■ DATASET EXCERPT
════

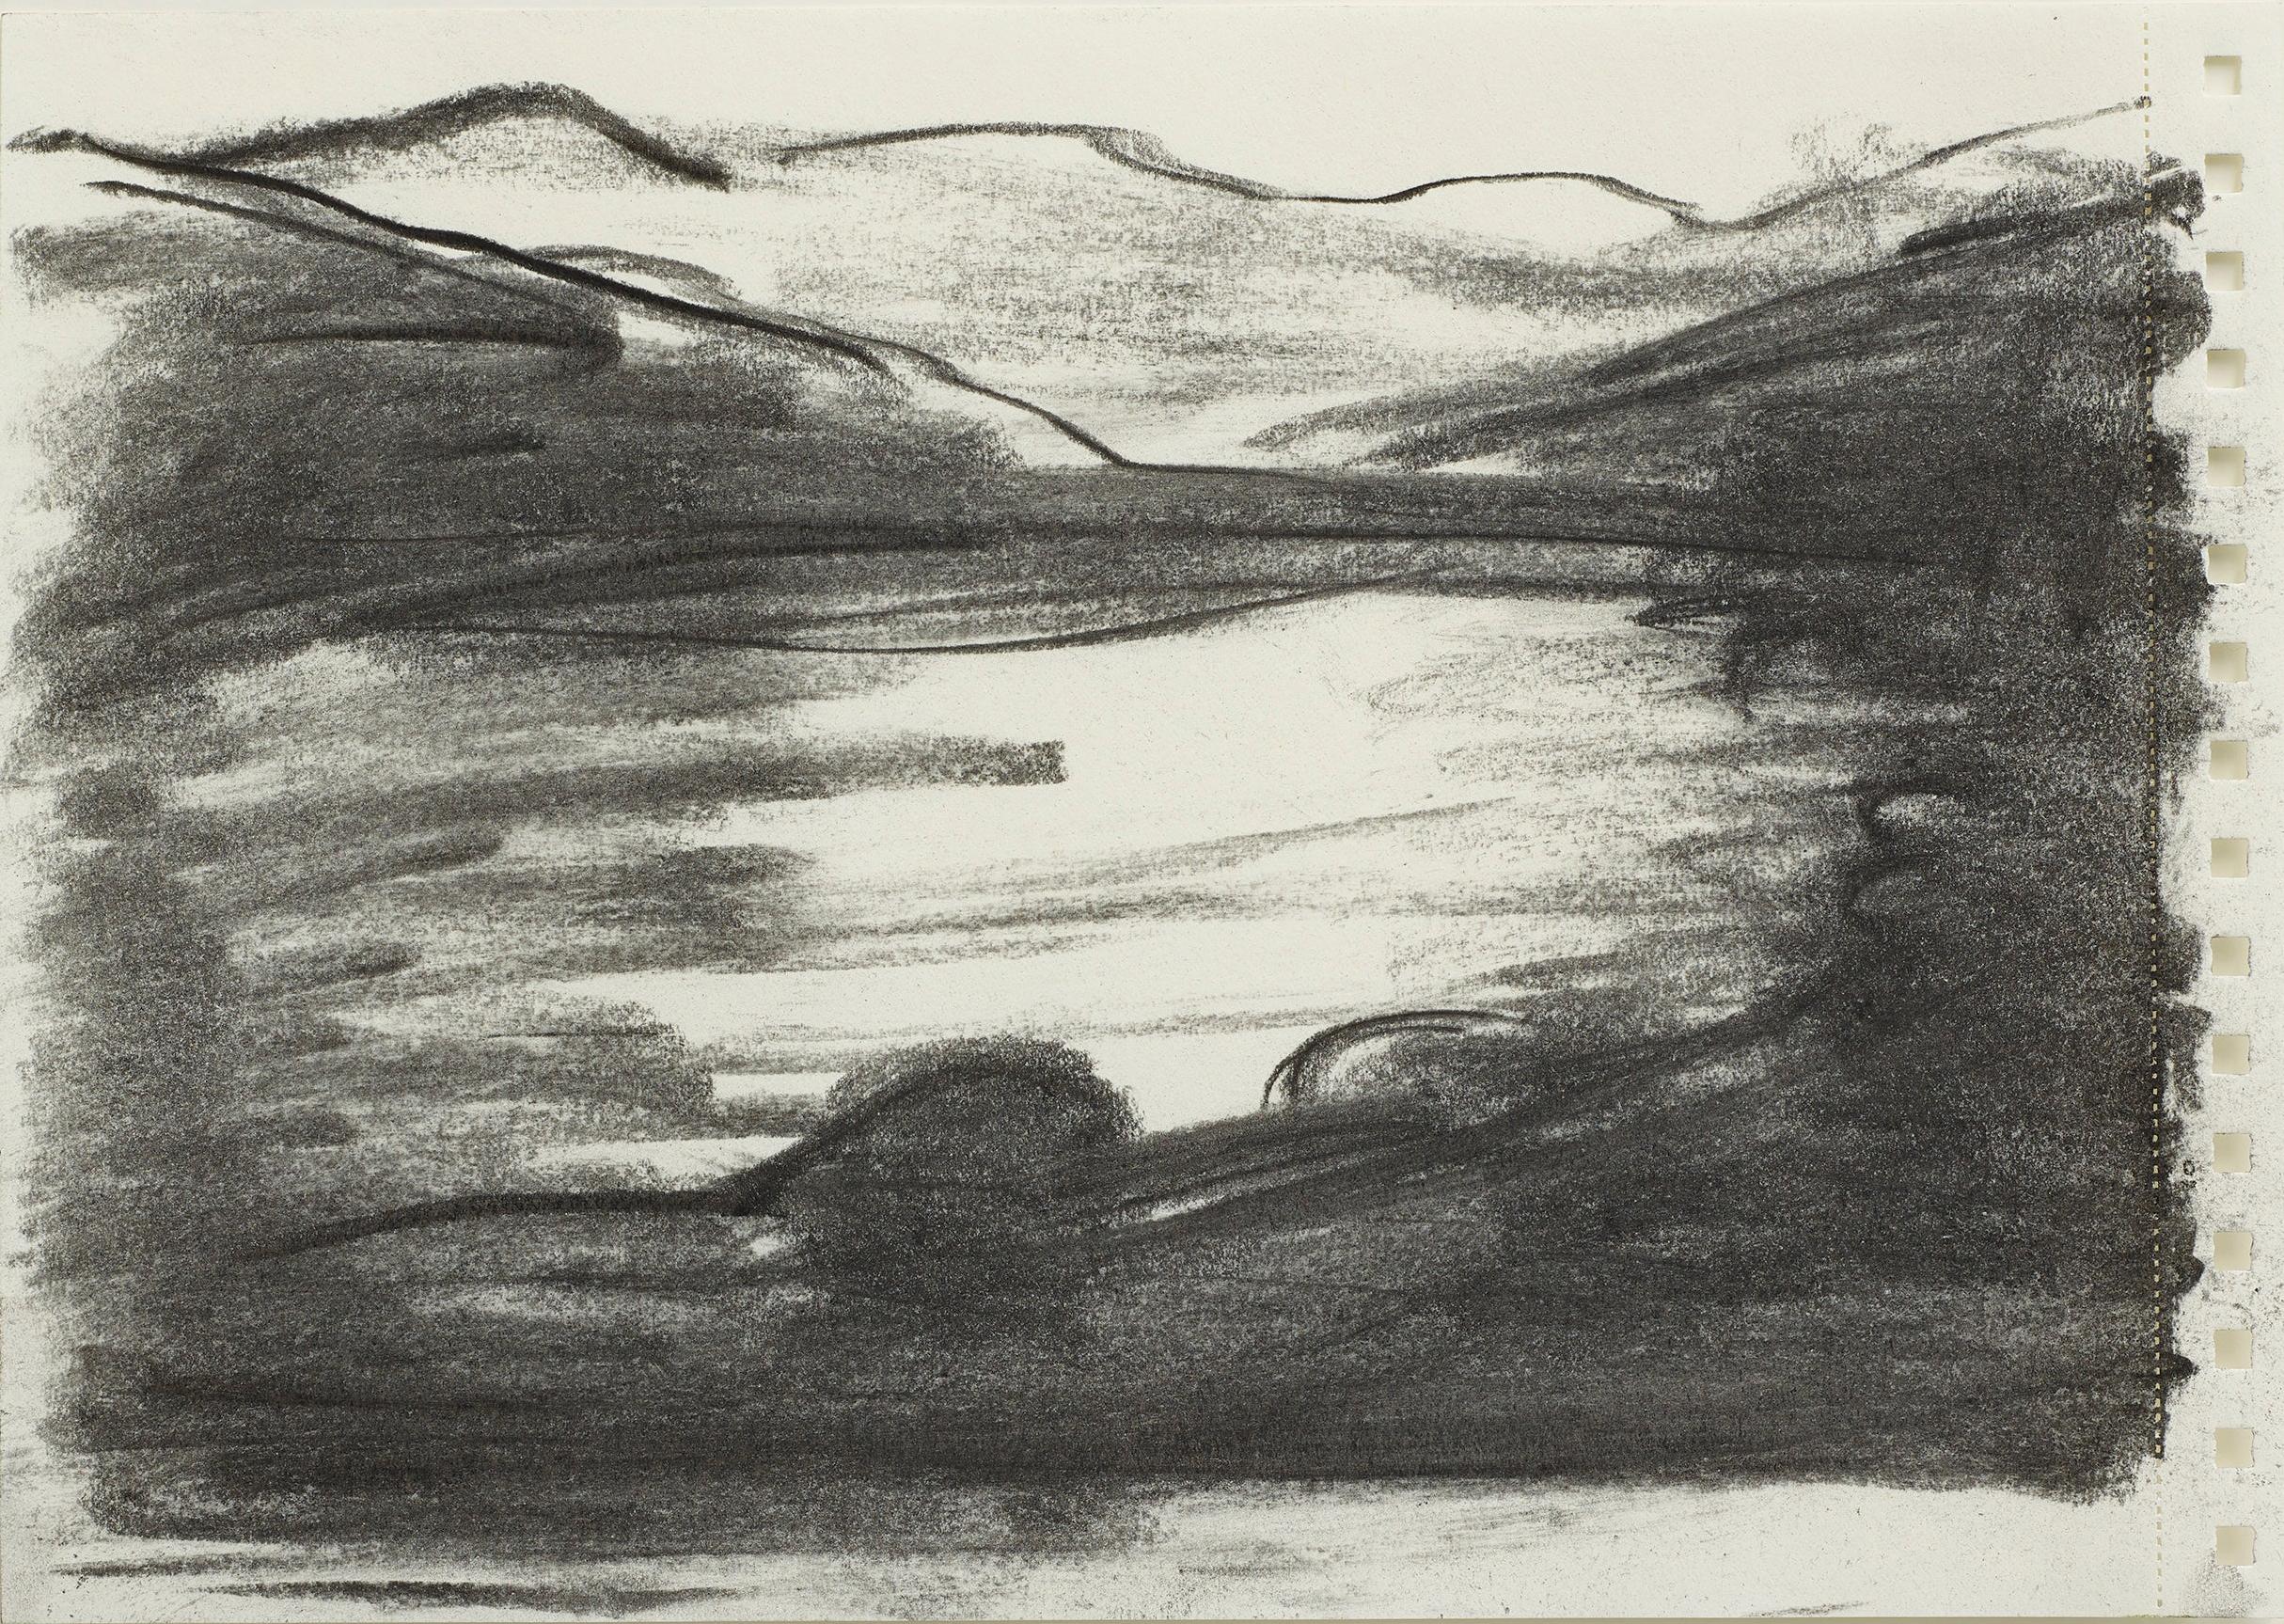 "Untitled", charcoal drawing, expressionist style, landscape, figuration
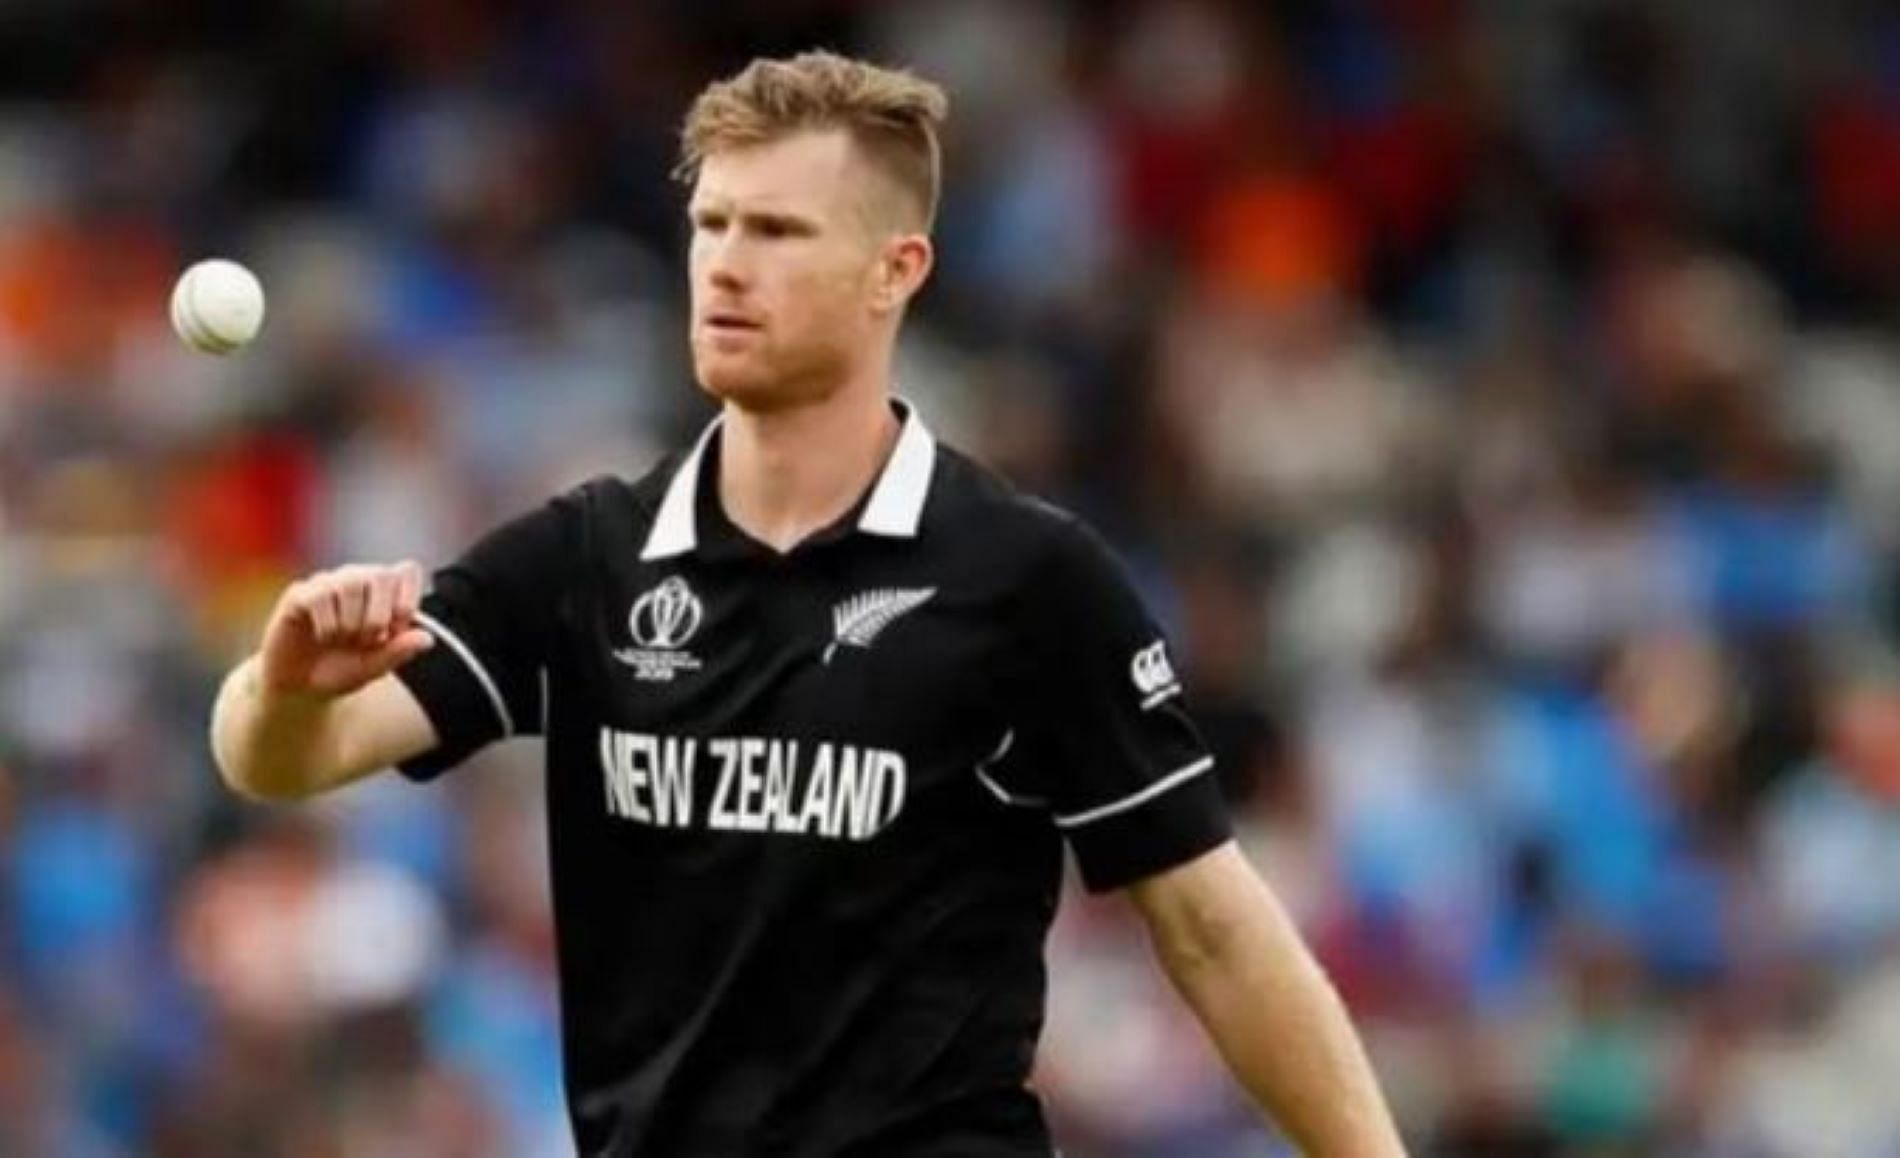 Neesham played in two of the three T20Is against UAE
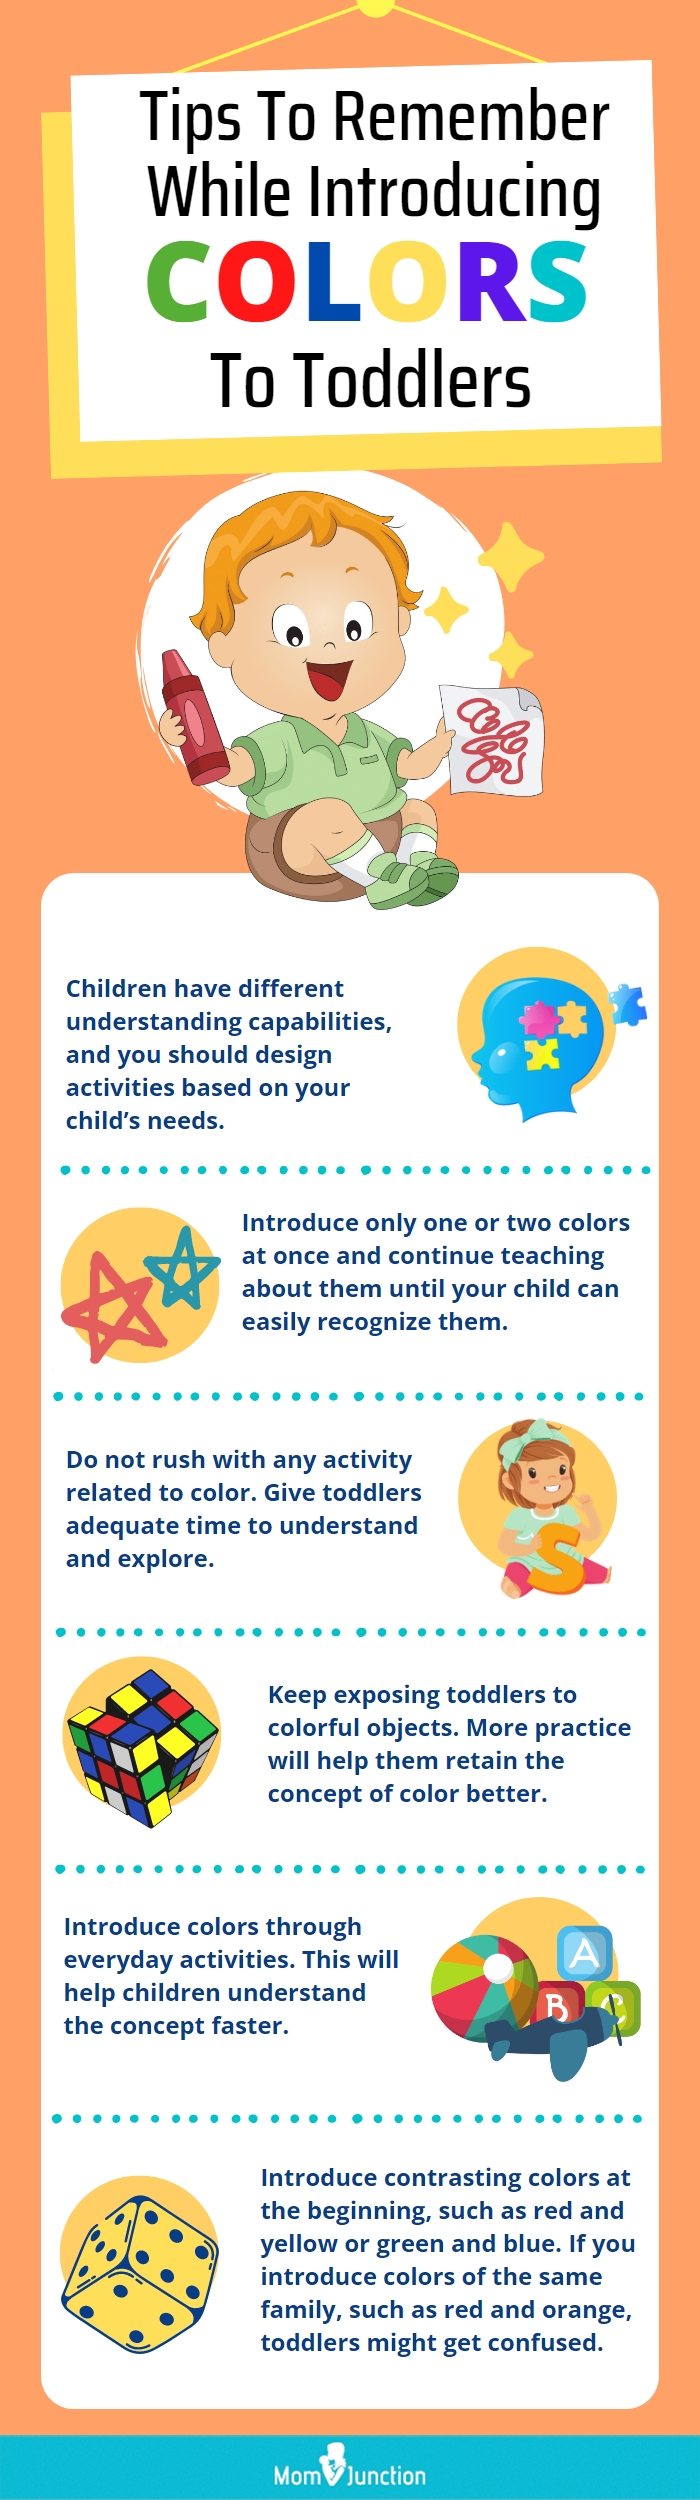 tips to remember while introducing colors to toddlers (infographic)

════

■ PROBLEM DESCRIPTION
What is needed is a word-for-word restatement of the lines from the one holding "Neesham played in" to the final line of the data above, inclusive, without any pictures.

■ FINISHED TASK
 Neesham played in two of the three T20Is against UAE
 tips to remember while introducing colors to toddlers (infographic)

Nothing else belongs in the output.